> **WHAT TO WORK ON**
Skip the images and print the listing exactly.

====== PROVIDED DATA ======

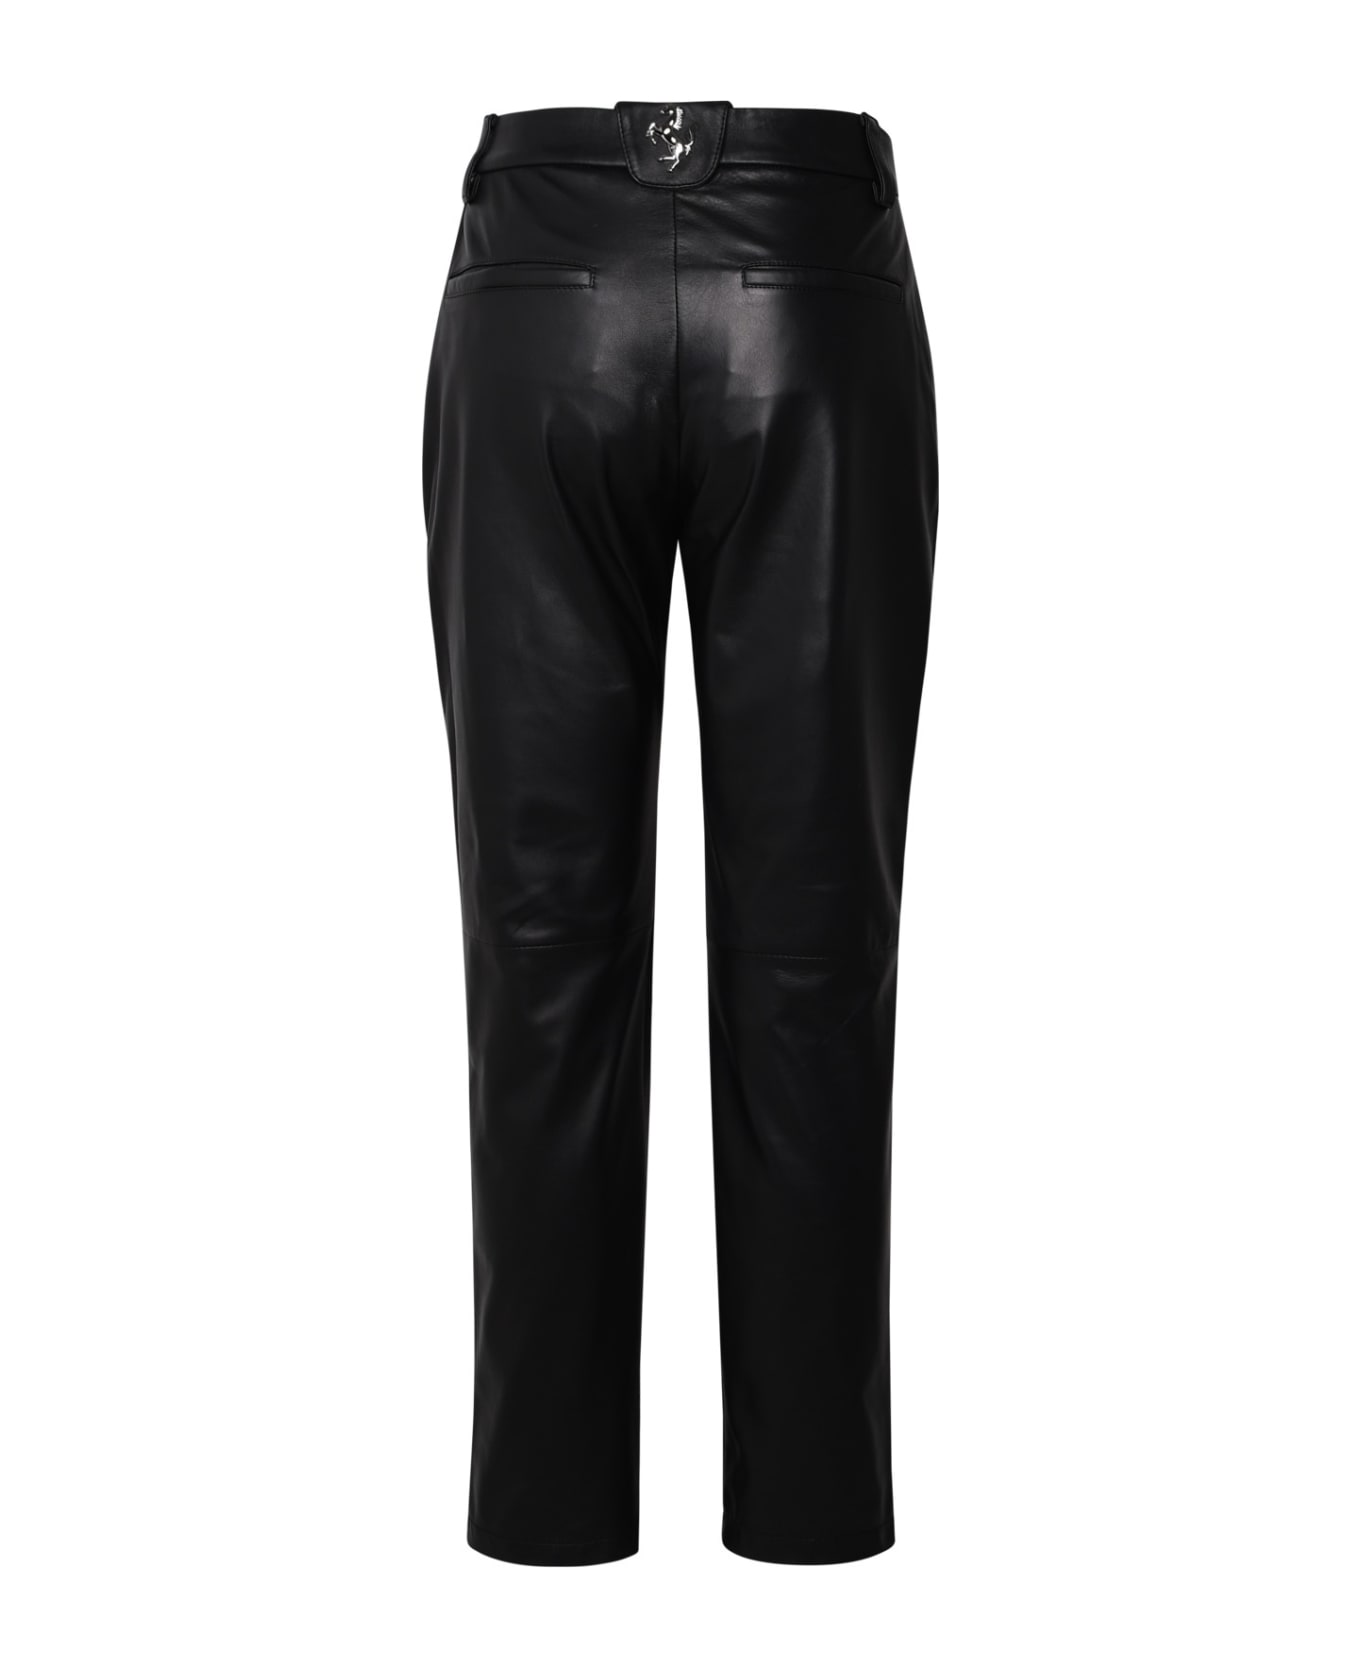 Ferrari Black Leather Pants - Black ボトムス
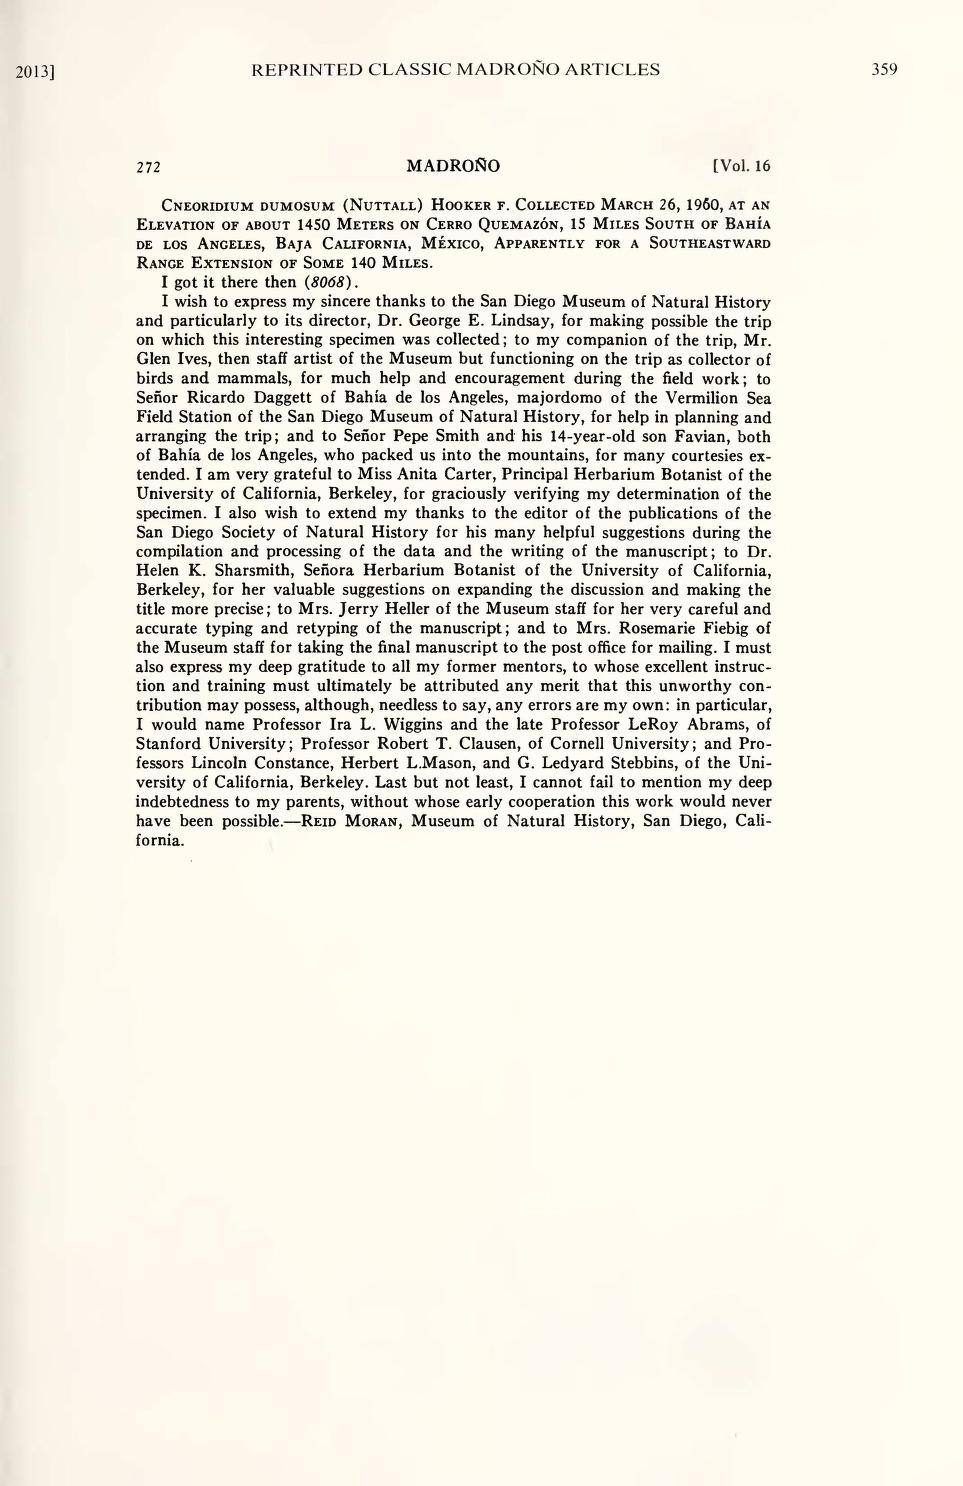 Cneoridium dumosum (Nuttall) Hooker F. Collected March 26, 1960 
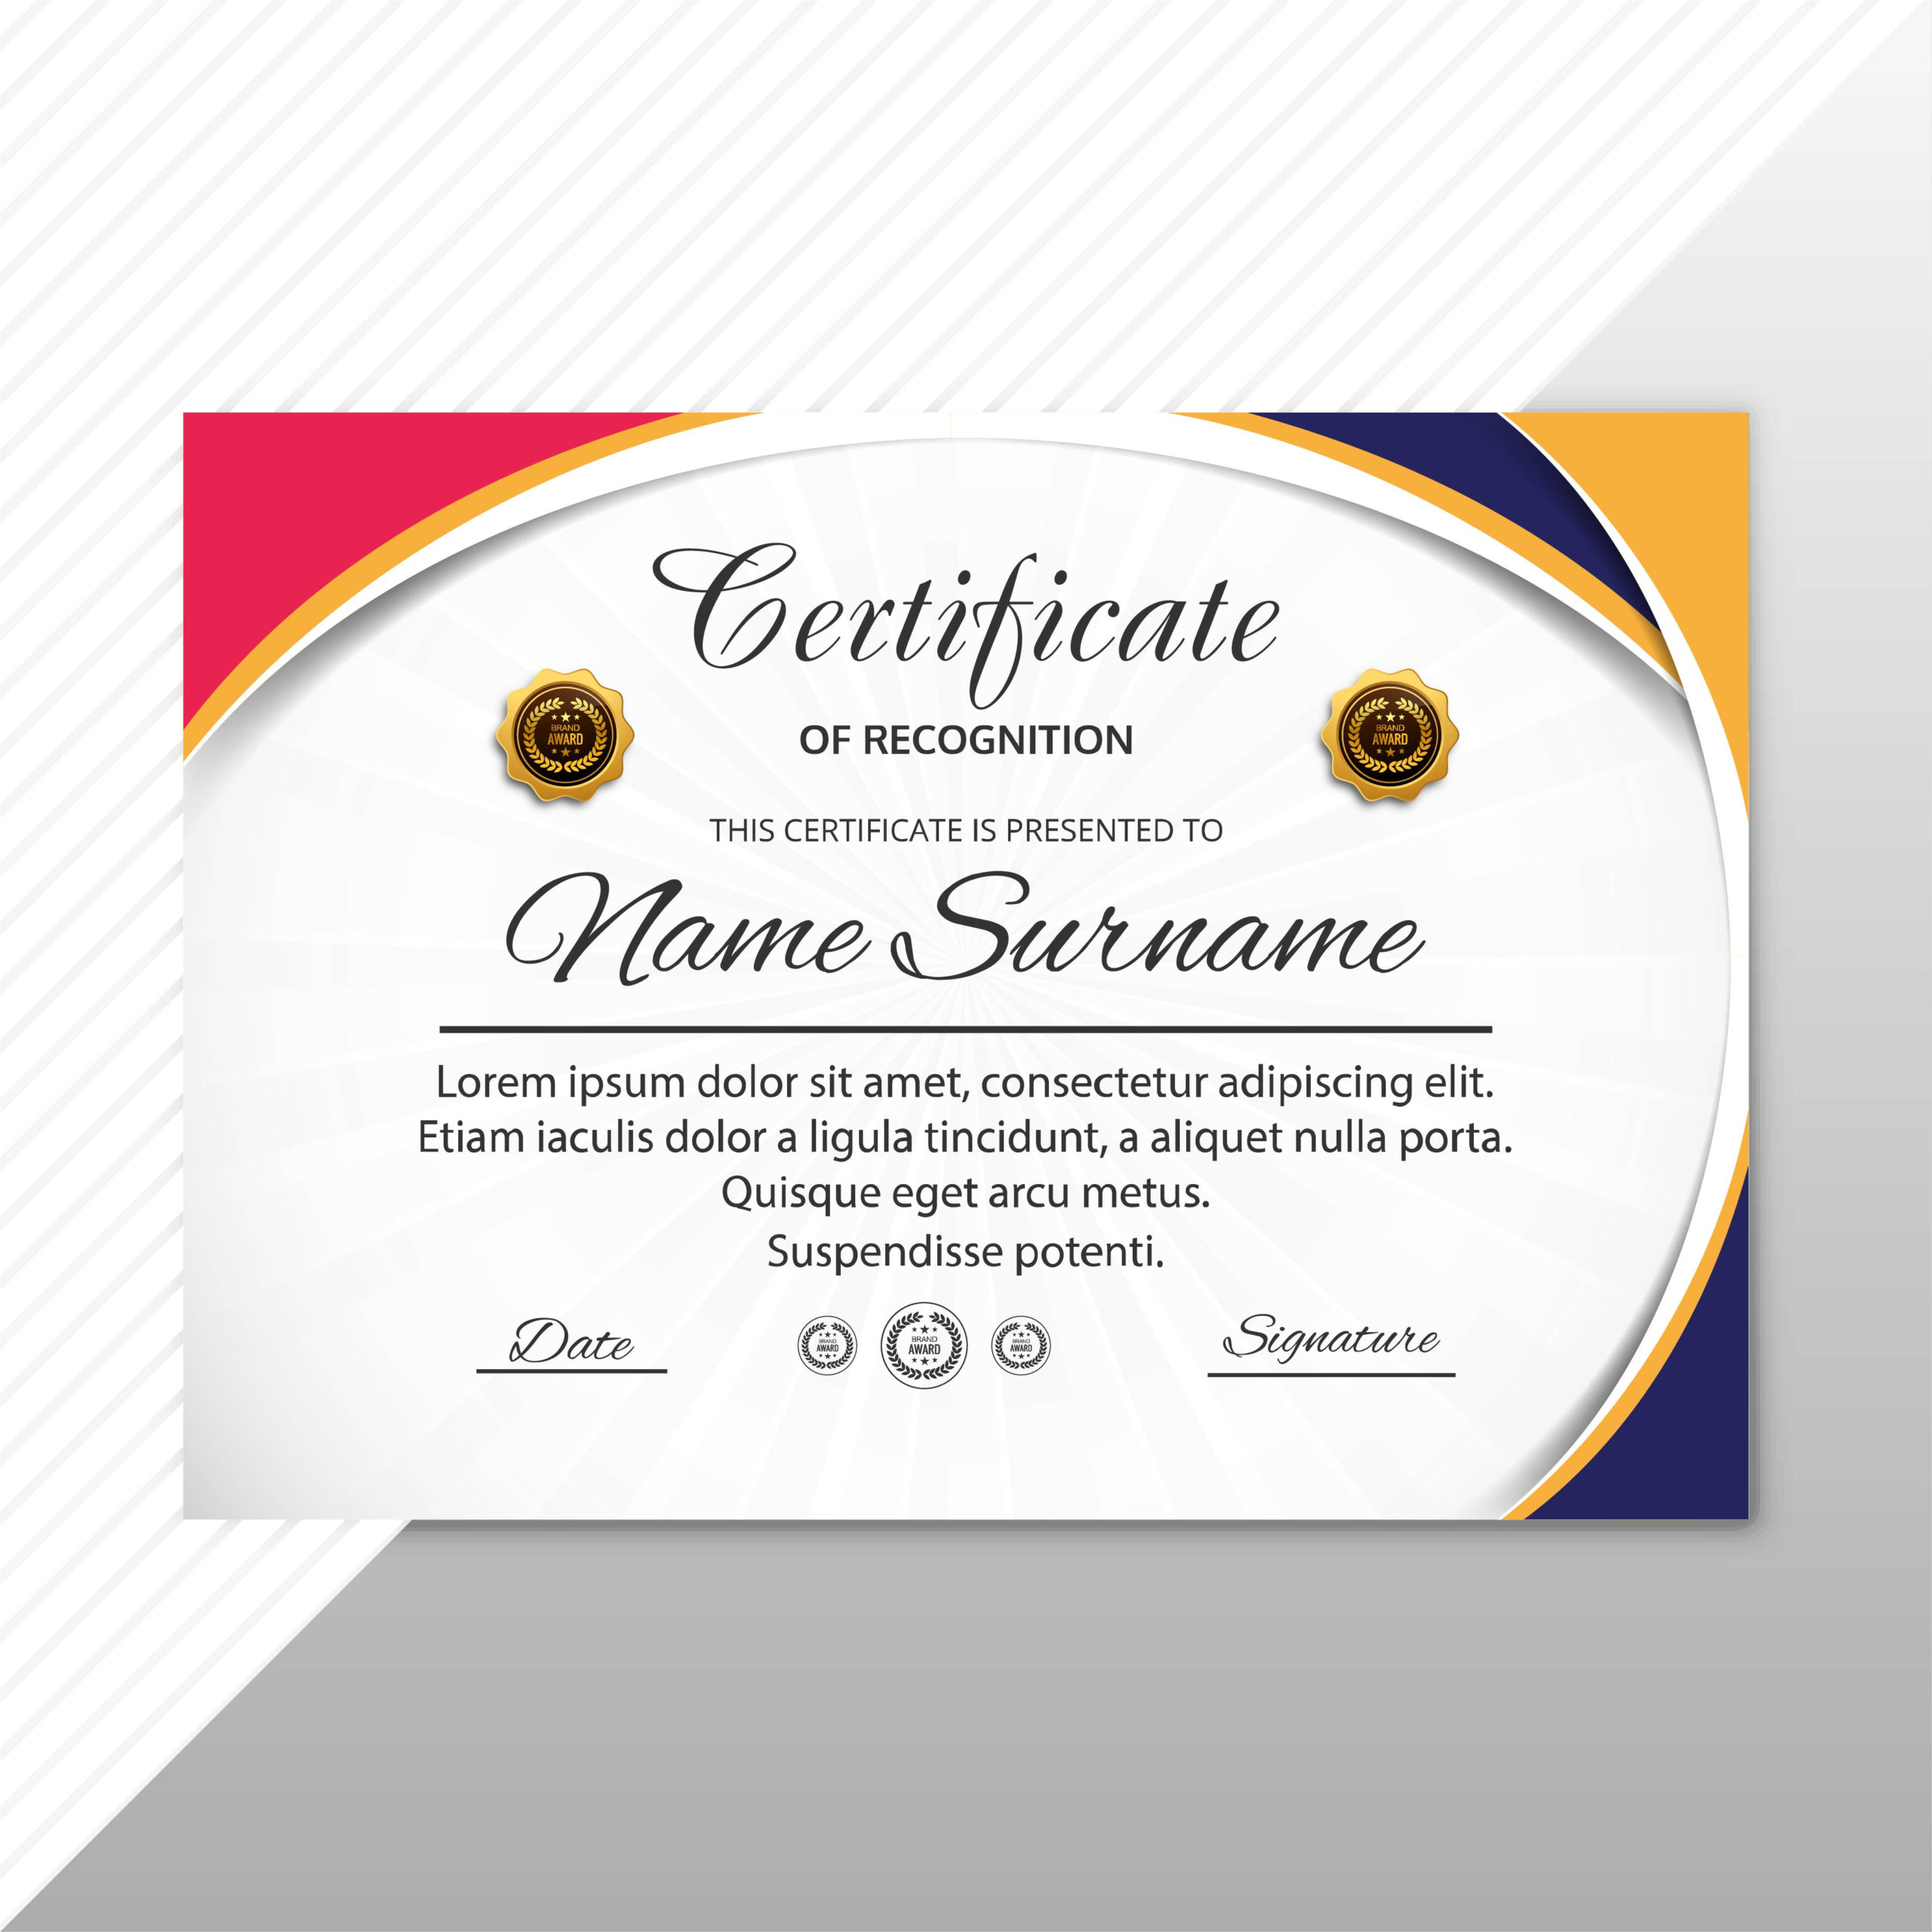 9 Printable Certificate Designs | Certificate Template Inside Leadership Certificate Template Designs

======

> **REPLY**
 Ferrari Black Leather Pants - Black ボトムス
 Cneoridium dumosum (Nuttall) Hooker F. Collected March 26, 1960 
 9 Printable Certificate Designs | Certificate Template Inside Leadership Certificate Template Designs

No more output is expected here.